3 dishes to cook in spring

With the arrival of spring, the most colorful and fresh dishes arrive in the kitchen. It is the ideal time to make a change in the diet and incorporate more fruits and vegetables . This season’s recipes tend to be much more practical and simple. In other words, you don’t have to be an expert chef or cook to achieve a result that even the most demanding palates fall in love with. Pampering family and friends with delicious and healthy dishes has never been so easy.

For spring recipes, the ideal is to incorporate a greater quantity of fruits and vegetables, which, in addition to being healthy, are very delicious and provide all the nutrients the body needs. An example of this is zucchini, a vegetable that due to its mild flavor can be prepared in different ways and which also has a very low caloric content. Strawberries, on the other hand, are rich in vitamin C and are ideal for making a delicious salad with a hint of sweetness.

Salad with buds, strawberries, mozzarella and chives


  • 6 strawberries
  • 2 buds
  • ½ ball of mozzarella
  • Chives to taste
  • Olive oil
  • Salt and black pepper to taste


  1. Chop all the ingredients and place them in a bowl.
  2. Dress the ingredients with a splash of olive oil salt and black pepper to taste. Stir and serve immediately.

Zucchini, ham, lentil and arugula salad


  • 1 zucchini
  • 150 grams of cooked lentils
  • 50 grams of ham
  • A handful of arugula
  • Old mustard
  • White vinegar
  • Salt and black pepper to taste


  1. Scratch the zucchini in the form of spaghetti. A zoodle cutter can be used.
  2. Put all the ingredients in a bowl, season to taste and add a dash of white vinegar and a teaspoon of old mustard. Serve and enjoy.
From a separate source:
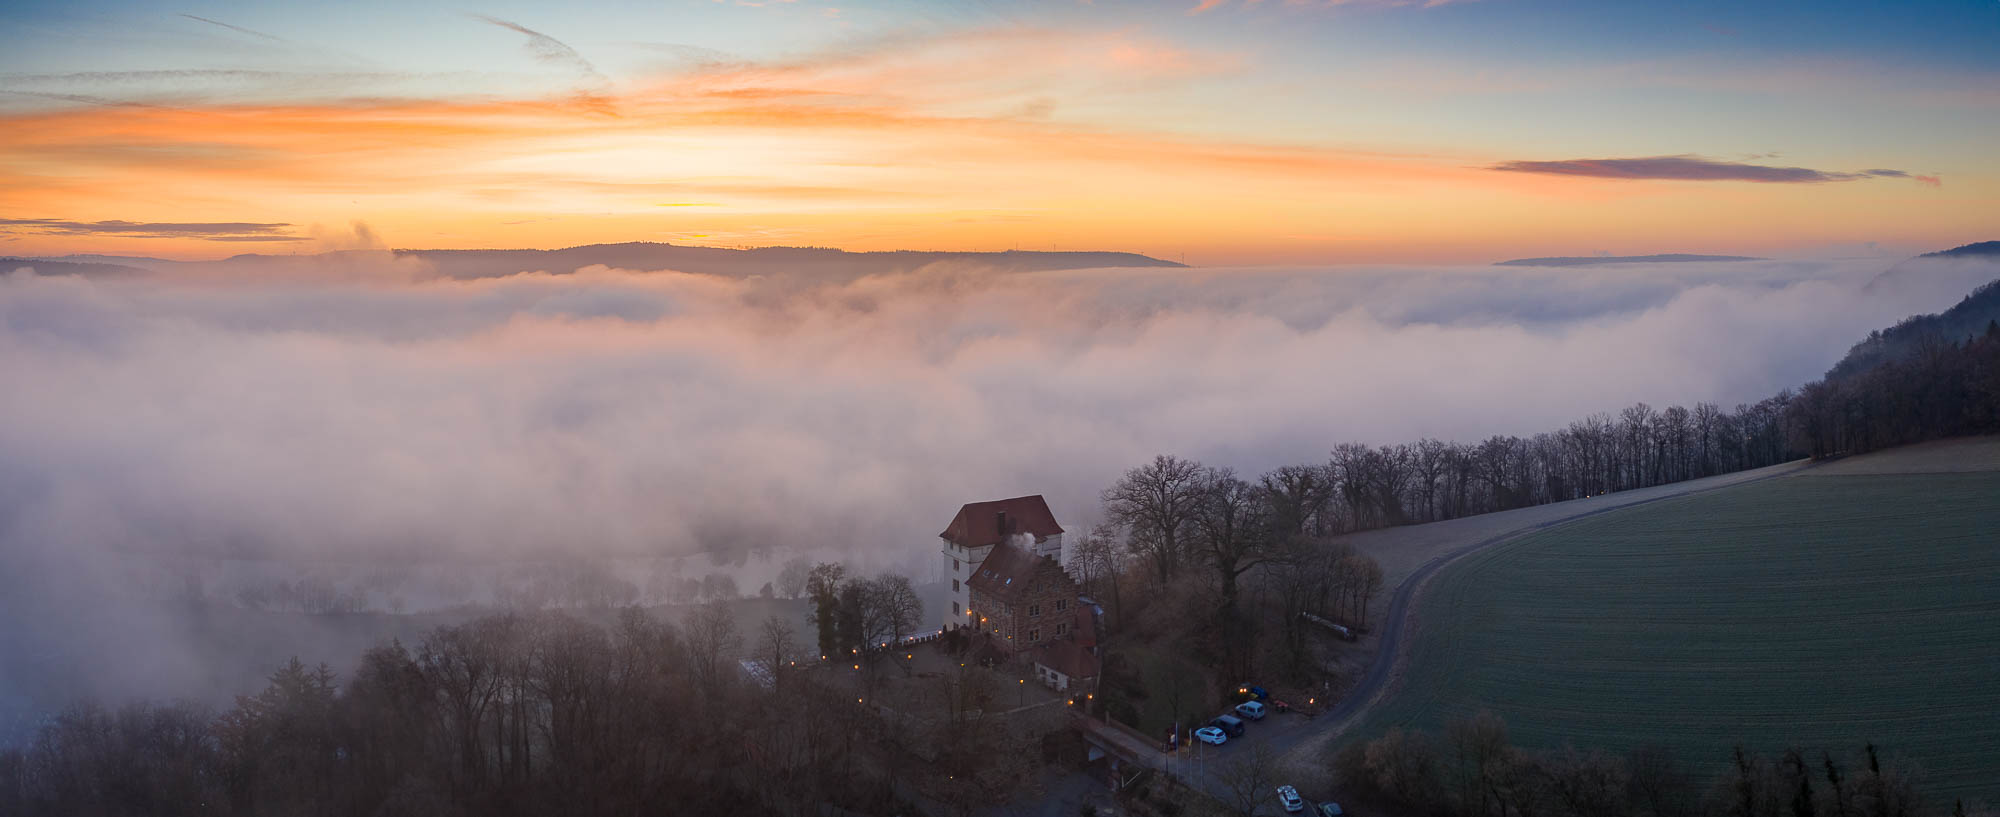 Sonnenaufgang bei Schloß Neuburg in Obrigheim

Scrambled eggs with prawns, asparagus and garlic 


  • 5 prawns
  • 150 grams of asparagus
  • 100 grams of young garlic
  • 1 egg
  • Extra virgin olive oil
  • Salt and black pepper to taste


  1. Cut the asparagus into three parts. Finely chop the garlic .
  2. Sauté the asparagus and garlic in a frying pan over medium heat with a splash of olive oil. Care should be taken not to cook the tips of the asparagus.
  3. Add the cleaned prawns to the previous mixture . Continue frying.
  4. Finally, add the egg to the pan and immediately remove from the heat. With the residual heat it will cook.
  5. Add salt and black pepper to taste and serve hot.

These three recipes are healthy and at the same time absolutely delicious. Best of all, they are made with very few ingredients and in record time, making them ideal for those days when time is short.